Net Censorship: The UN is watching, but who’s watching the UN?

Diplomats and various internet influentials talked about internet censorship, diversity and access at a UN-sponsored gathering in Athens this week.

Do you care? Do your usual media providers keep you up-to-date on who’s controlling the internet and what they’d like to do with it?

Given the emerging ubiquity and necessity of digital communications, I continue to marvel at the “other world” nature of high-level discussions about how the internet is operated.

Meanwhile, in Athens, on internet censorship …

Reporters Without Border: Internet censorship is spreading
China: Really? We’re not doing it

From AP via MSNBC: Google, others defend China operations
Censorship is a key focus at this week’s inaugural Internet Governance Forum, which ends Thursday. Other main issues are related to security of online networks and diversity of the Internet as Web growth is predicted to shift to China, India and developing countries.

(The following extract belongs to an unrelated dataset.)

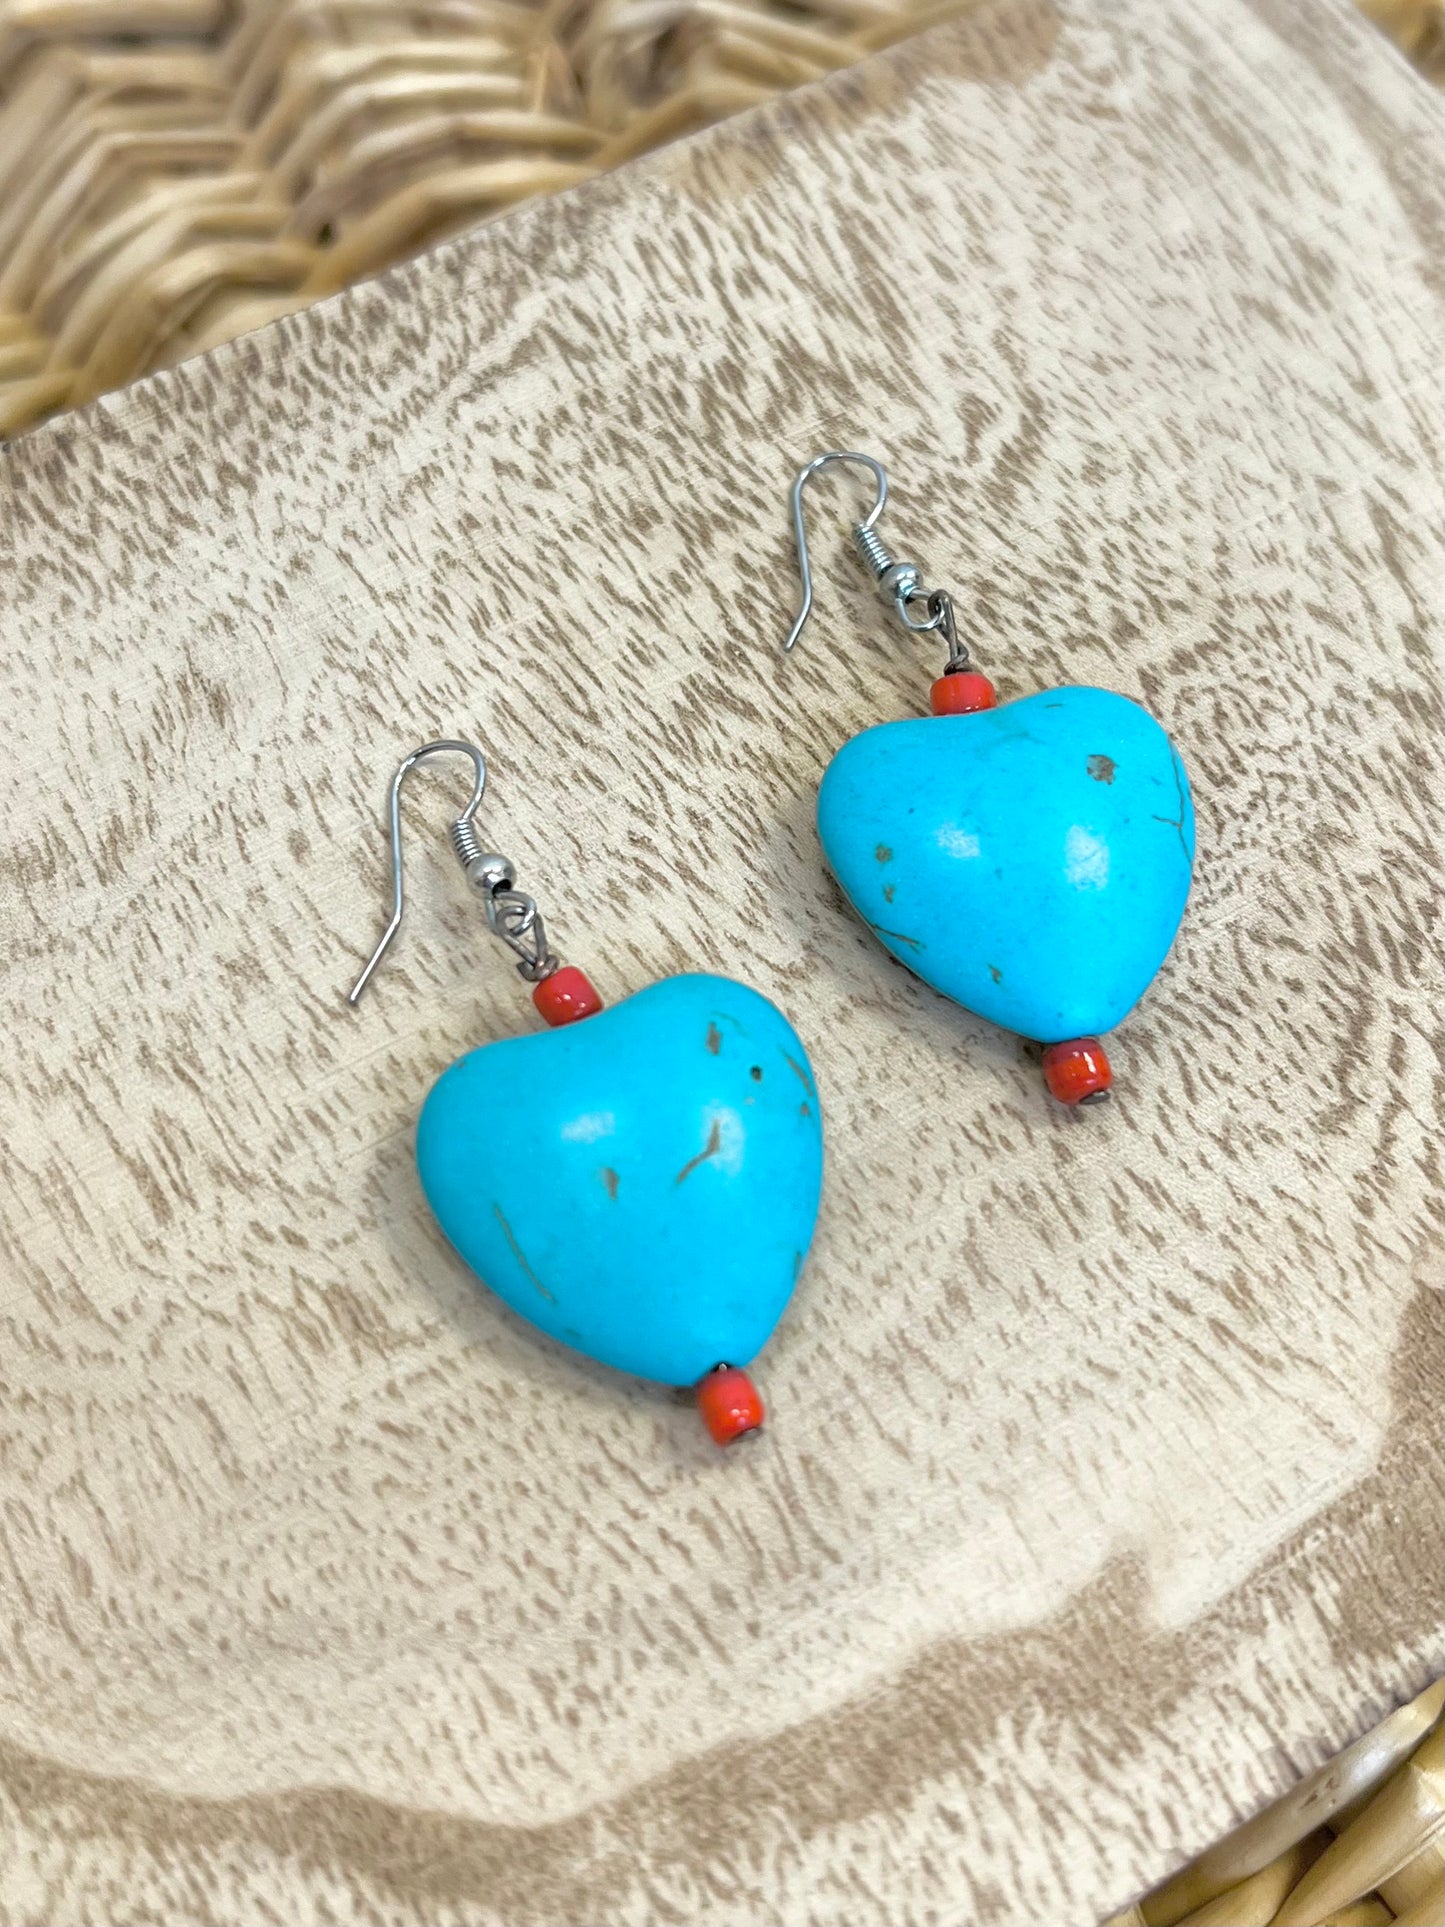 Turquoise Stone Heart Earrings

Julien Pain of the group Reporters Without Borders said Web censors were gaining strength in many of those growth countries and that their main target was not dissidents but keeping information from the general population.

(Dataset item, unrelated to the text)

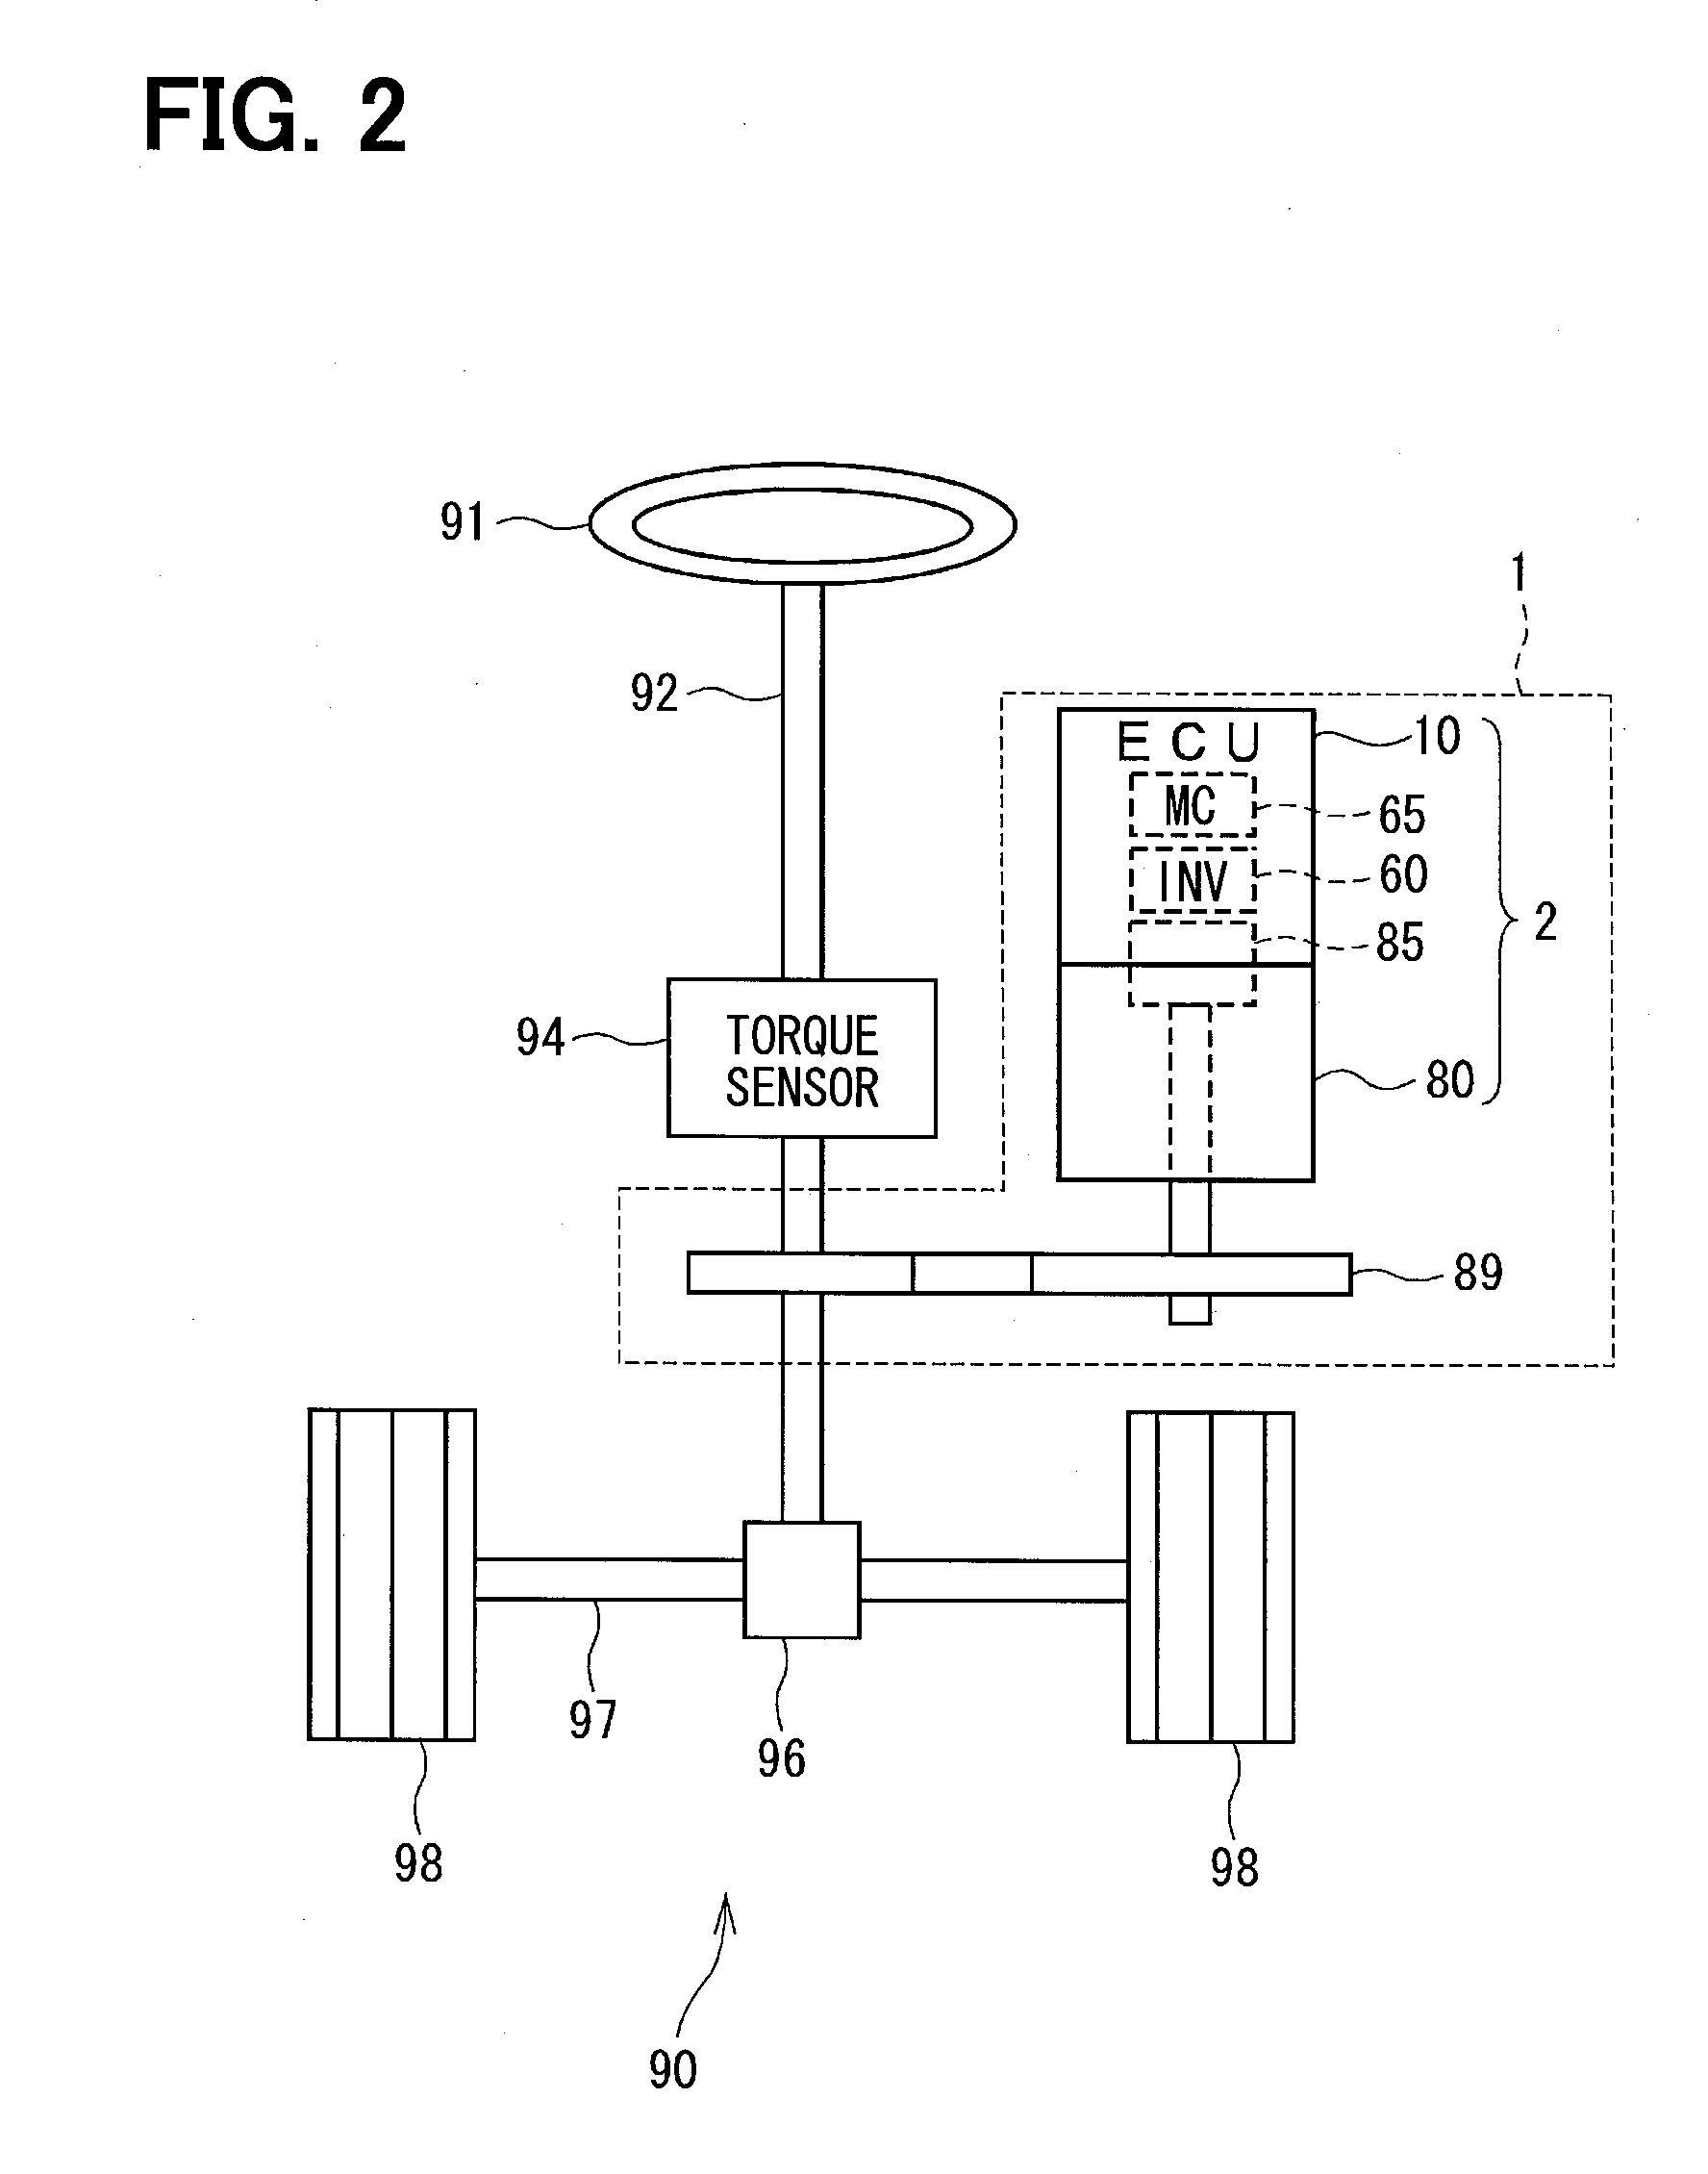 Three-phase rotary machine control apparatus

“Internet censorship is really spreading around the world,” he said. “Ten years ago, the Internet was not important for an African dictator. … Now China is a model for these countries and their model is spreading around the world.”

Richard Sambrook was there and described “a collision between business interests, principles of human rights and freedom of expression … What is better – compromised co-operation that makes some progress or refusal to compromise that makes no progress? We may be guilty of adopting too much of a Northern and Western view sometimes.”
Athens sidenotes:

1. Our We Media conference infuenced the IGF meeting in Athens. Hurray. The Athens forum was headed by Nitin Desai, who attended and spoke at the We Media London forum earlier this year. We might also note BBC news presenter Nik Gowing, who moderated a portion of the London conference, played a similar role in Athens. Kieren McCarthyin the UK writes that the We Media London experience inspired Mr. Desai to incorporate a “chief blogger” into the UN conference.

2. On the other hand, maybe we should keep quiet about who and how we inspire people, or don’t – since one might just as easily note missed opportunities. Here’s Joi Ito writing about his Athens experience:

I seem to be doing this more and more, but I’m sitting in my hotel room watching the webcast and chatting in the chatroom for the IGF meeting. Until they make it easier for people to use their computers on site, I’m going to continue doing this.

Update: Sorry comments are not showing up here. We’re looking into it.

Nov. 21, 2006 Update: Comments fixed.